Sunday, August 20, 2017

The Eclipse and Nat Turner


Well, tomorrow marks the big day. For weeks now, people have been talking about the solar eclipse. Its path has been mapped, folks have purchased special glasses for viewing it, and some organizations and companies are giving time off for their employees to watch the infrequent heavenly occurrence. I don't want to sound like a humbug, but personally I don't get all of the fuss. I suppose it that infrequent thing that grabs most people's attention. I doubt many people will take the eclipse's appearance as an omen or sign, but that was not the case 186 years ago.

Nat Turner grew up enslaved. He knew what it meant to work a hard day. He observed the injustice of slavery, the passionate rages of slave owners, and the physical and mental suffering of African Americans. Through this Nat learned how to read. He felt a spiritual calling and became a preacher. He saw signs in his daily work, and in the heavens, telling him to do something against the injustice.

On February 12, 1831, an eclipse occurred. The path of this eclipse ran across southeastern Virginia, where Nat Turner's Southampton County was located. Like tomorrow, people knew of the eclipse's arrival. Men, women, and children turned out in great numbers to watch the seeming phenomenon in places such as Richmond, Virginia. Well educated people understood that science predicted and explained the eclipse. Most people did not see it as foreboding doom and destruction. However, Nat Turner did.

For Nat Turner the eclipse was a sign for action. In his jailhouse confession given to attorney Thomas Gray, Turner explained "I had a vision - and I saw white spirits and black spirits engaged in battle, and the sun was darkened - the thunder rolled in the Heavens, and blood flowed in streams."

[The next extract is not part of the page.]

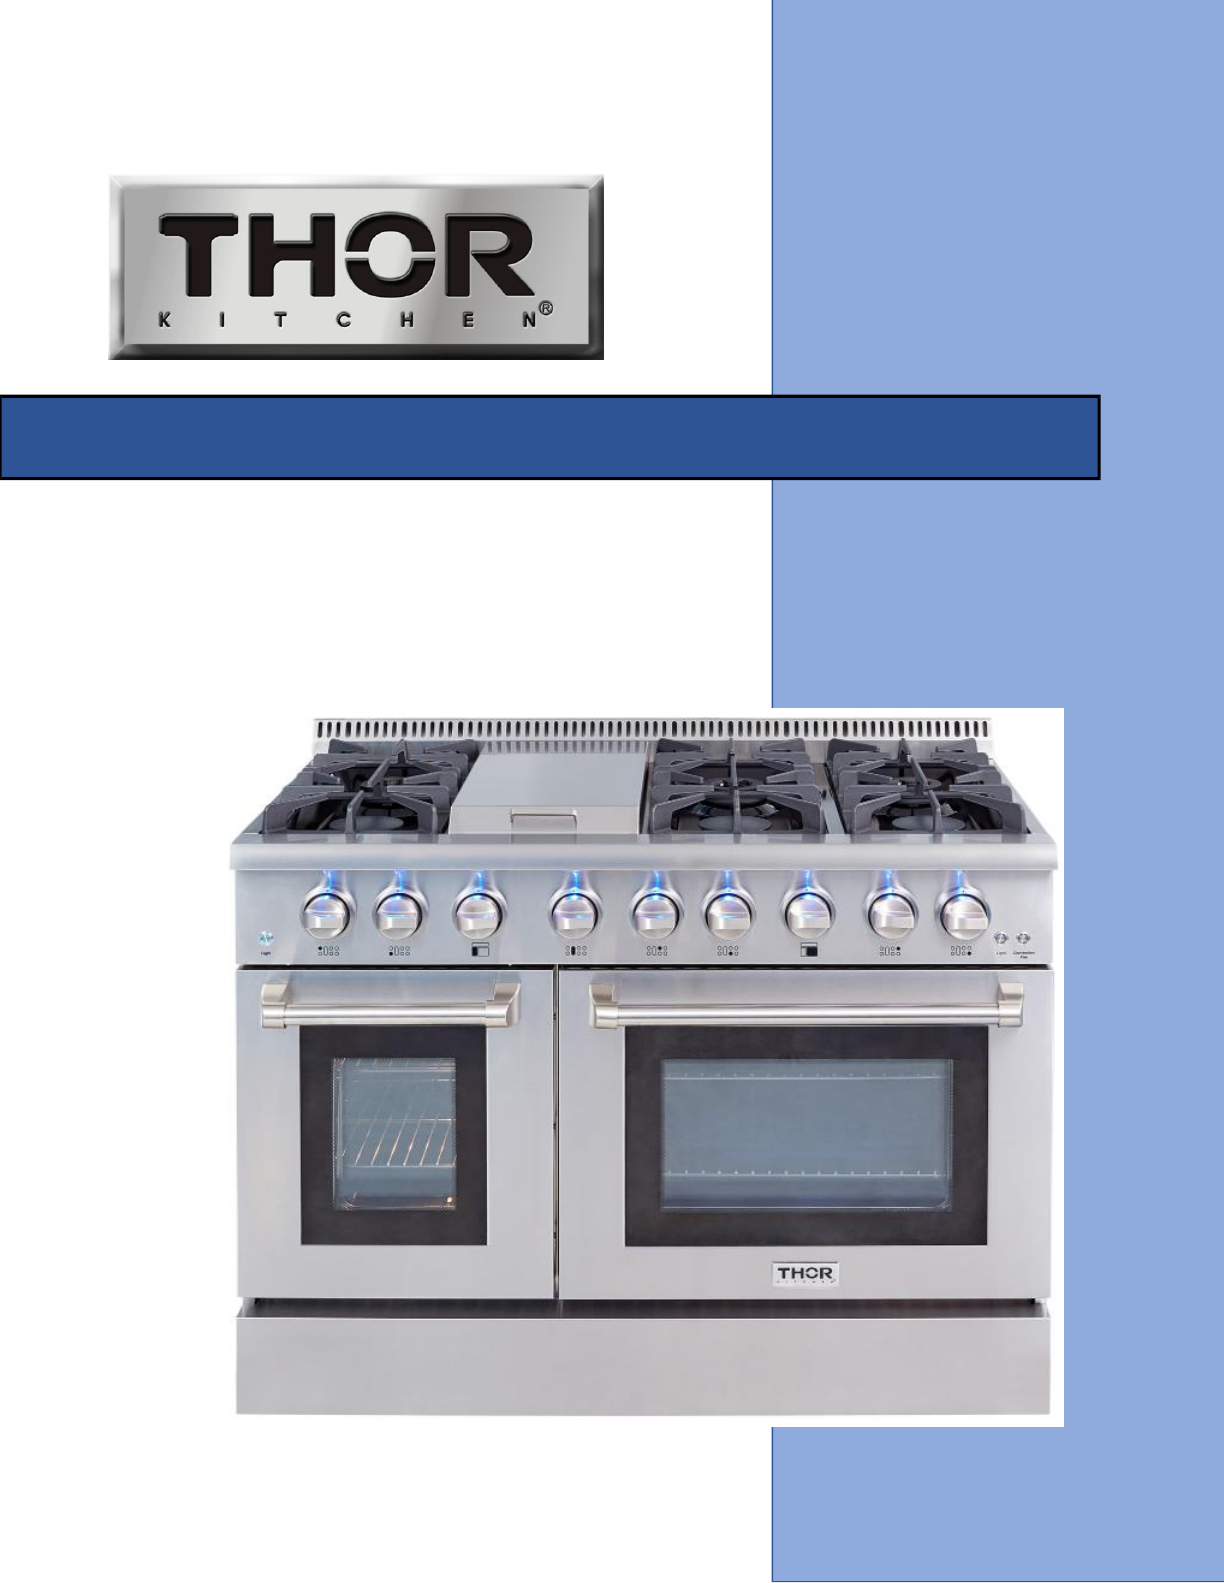 Thor Pre-Converted Propane 30 in. cu. ft. Dual Fuel Range Stainless Steel : and Care Guide

Turner had previous visions. As a young man he ran away for a time. Upon his return he explained that a vision told him to return to his earthly master. Later, he saw lights in the sky and had a vision of "blood on the corn, as though it was dew from heaven." He also saw messages in the leaves of the woods. Later he had a vision that he had been chosen to lead a fight where the "first shall be last and the last shall be first," and that he would receive a sign from the heavens telling him to start the work assigned to him.

That sign for Turner came in the form of the February 12, 1831 eclipse. He told those fellow slaves he felt he could trust that the time would arrive on the coming Fourth of July. Turner was ill when Independence Day rolled around. The rebellion was delayed. But an atmospheric occurrence on August 12, which turned the sky into a odd color, prompted Turner to see this as yet another sign to commence the job of overturning slavery. In the early hours of August 21, Turner and his followers started killing white men, women, and children on area farms and plantations. When it was all said and done about sixty whites were dead by the hands of Turner and his band.

White response was swift and decisive. Most of Turners followers were killed or captured by local men and militia troops, and although Turner escaped capture for about two months, he was apprehended by a local farmer named Benjamin Phipps. Turner was held in a Jerusalem (now Cortland) jail where he gave an account of his life and the events of the rebellion to Thomas Gray. After tired and being convicted, he met his death by hanging on November 11, 1831.

The Nat Turner rebellion put whites in the slave states on high alert. Their worst nightmares were realized. Virginia debated potential gradual emancipation in the wake of the affair, but decided instead to enact more stringent legislation directed at the enslaved as well as free people of color.

 Nat Turner's rebellion was yet another historical event that helped create and widen the split between the North and South over the issue of slavery and put the nation on the path toward civil war.